The leather manufacturing sector relies on manual classification systems that are subjective, inconsistent, and unable to detect microscopic surface variations. Quality is highly variable. Defects are difficult to see. Grading depends on individual experience and lighting conditions.
The result: inconsistent quality control, material waste, and production delays. Perseus is exploring whether spectral imaging technology can provide an objective, scalable solution.
Hyperspectral cameras capture hundreds of wavelength bands simultaneously — far beyond what the human eye perceives. Each material surface generates a unique spectral signature, a fingerprint of its molecular composition, texture, and structure.
Hyperspectral camera scans the leather surface across hundreds of wavelength bands simultaneously.

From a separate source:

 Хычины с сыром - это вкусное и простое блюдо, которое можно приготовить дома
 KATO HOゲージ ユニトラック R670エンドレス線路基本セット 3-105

Each scan generates a unique spectral signature encoding the material's molecular composition and surface structure.
Machine learning models compare spectral signatures against a reference database to detect anomalies and classify quality.
Results are stored in a spectral material database, building an intelligent reference library over time.
Automated identification of surface defects, scratches, grain irregularities and structural anomalies that are invisible under standard lighting conditions.
Objective, consistent quality grading based on spectral data rather than subjective visual assessment. Eliminates inter-operator variability.
Integration into production lines for real-time quality monitoring. AI models flag non-conforming materials before they enter the manufacturing process.
A growing database of spectral fingerprints for different leather types, tanneries, and treatments. A long-term infrastructure for intelligent material management.